For all of his mystique, there are a few givens: His mother is English; his father half Hawaiian, half Chinese (father and son have been estranged for several years). Reeves was born in Beirut, Lebanon, but grew up in Toronto. There, he held down a variety of odd jobs -- from ice-skate sharpener to tree trimmer -- and floated through a series of high schools. Before he dropped out in his senior year, he discovered drama class and local theater. When Reeves arrived in Hollywood in the mid-'80s, he instantly proved to casting agents that he had energy to spare and, according to one TV producer, "more acting tics than a cheap watch." What Reeves remembers most about Under the Influence, the 1986 TV movie that earned him a S.A.G. card, was that he had to report for duty at 8 a.m.: "I thought this was ... unfair. It's hard to act in the morning. The muse isn't even awake." Nevertheless, it is Reeves' polite demeanor and no-nonsense work ethic that impresses crew members. Observed one Bill and Ted colleague, who spoke on condition of anonymity: "Even back then, he was incredibly professional. He was always on time. We always knew where to find him. On the other hand, his trailer always looked like a bomb had gone off."
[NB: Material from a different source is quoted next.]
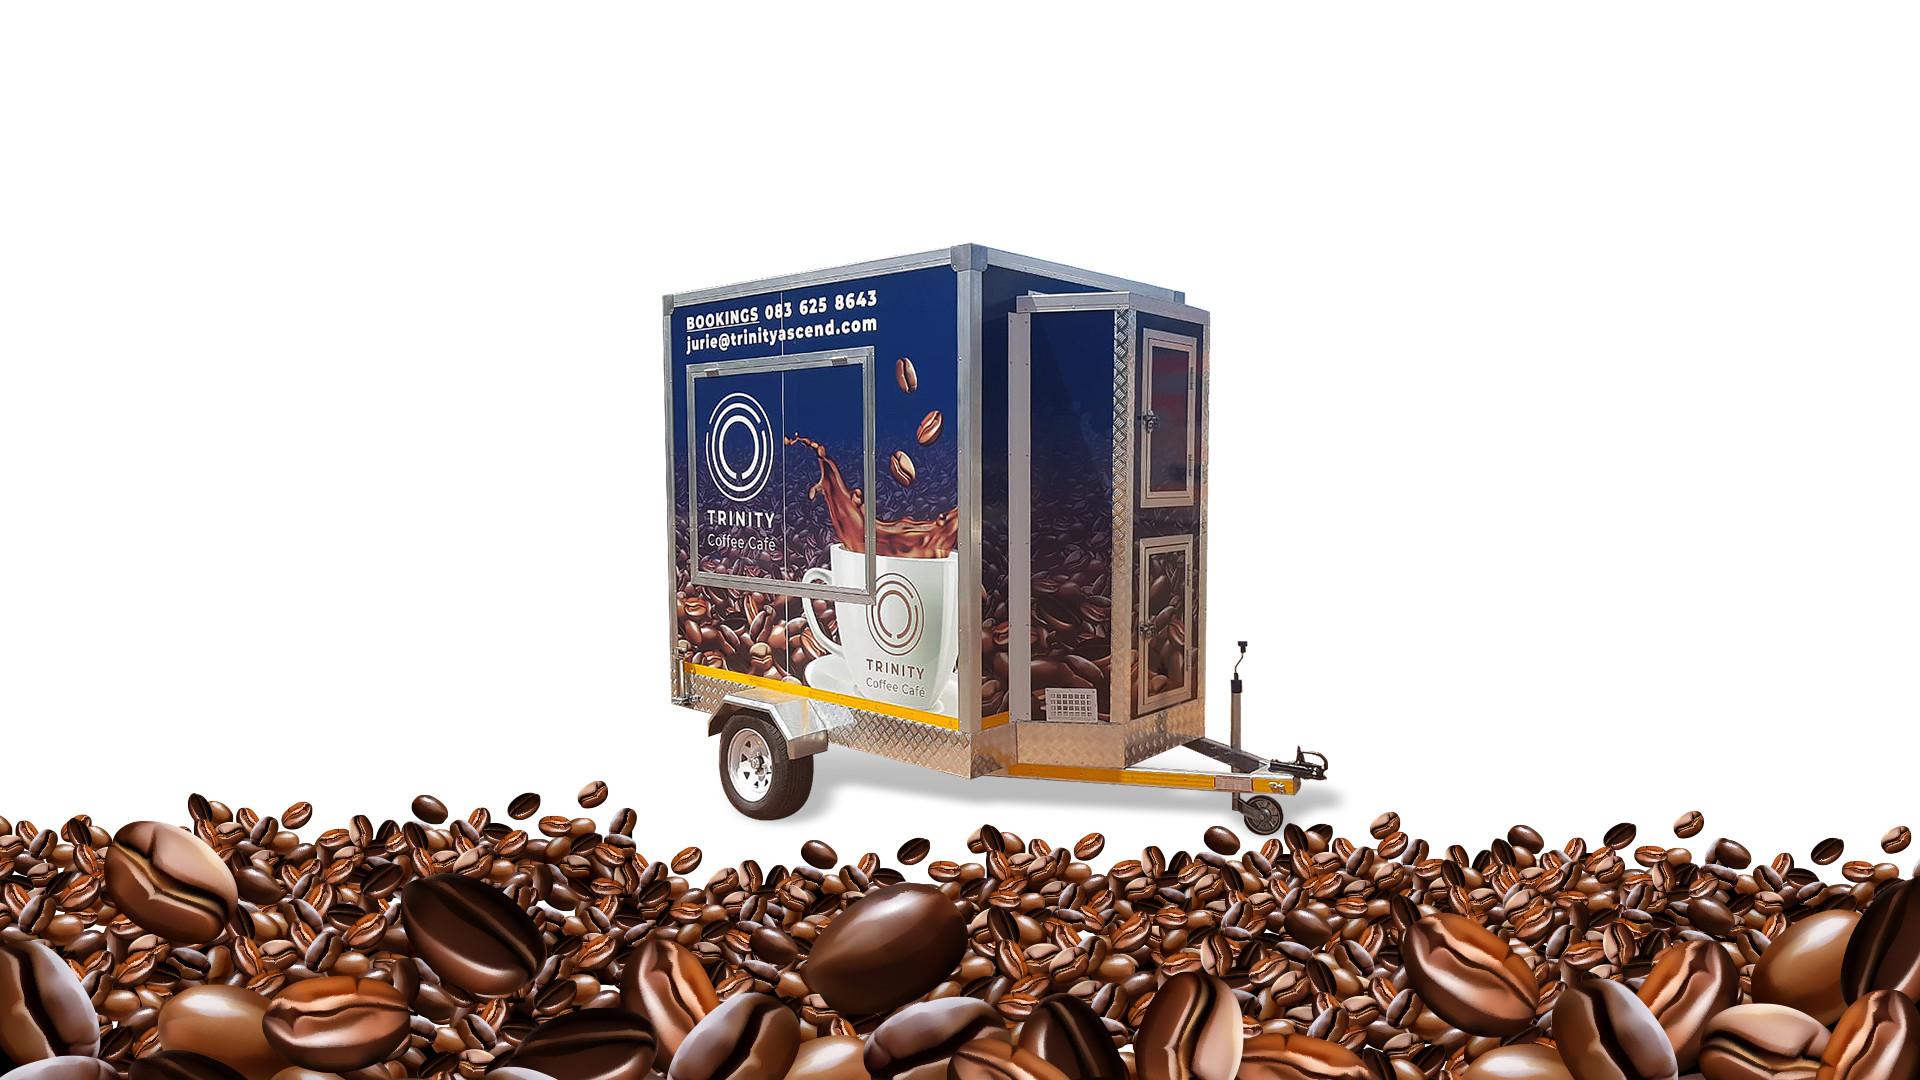 coffee trailer and beans bg.jpg

In many ways, that remark holds true for Reeves' interview style as well. Confounding all notions of flakiness, he showed up for both sessions early. For the most part, he aimed at being candid, although sometimes his demeanor telegraphed more than his words. (When asked how he was affected by the death of his friend River Phoenix, he rested his head on the table. "How was I affected? How was I affected?" he whispered to himself. Then he looked up to reveal cheeks reddened with emotion. "Uh, what do I say?" he mumbled. "I was terribly, terribly, terribly sad. Incredibly sad. And, um, I miss him very much.")
At our second meeting, I found him slumped in his dimly lit Los Angeles hotel lobby, appearing exhausted and depressed. His look only emphasized his low mood: a three-day beard and hair so grimy it was as malleable as sculpting clay. In fact, a thick tuft stuck straight up in the air, so it appeared as if a tiny missile silo was growing out of his head. Throughout our talk, his spirits rose and fell unpredictably: During one of his darker moments, he slunk off to watch a Johnny Mnemonic promotional reel I'd brought along. Five minutes passed, then fifteen, then twenty-five. Just when I'd written him off as a walk-out, Reeves reappeared, looking refreshed. "Turn on the tape recorder," he urged me, then launched into a lengthy and slightly bewildering monologue about a type of meditation in which he imagines his own death.
All this was in sharp contrast to our first interaction, where a silky-haired, smooth-shaven Reeves bounded up in a black motorcycle helmet, fuzzy gray jacket and dirt-creased black jeans with rips that revealed thin white boxer shorts. Hoping to catch the last of the day's sunshine, he led me through a maze of short halls toward the hotel pool. Suddenly, as we approached a small alleyway darkened from an overgrowth of ivy and trees, he pushed himself in front of me. "Don't go!" he shouted in a mock-Shakespearean tone. "Let me first make sure it is safe." Reeves trotted a few inches up the corridor, then threw back a smile. "It is safe," he declared.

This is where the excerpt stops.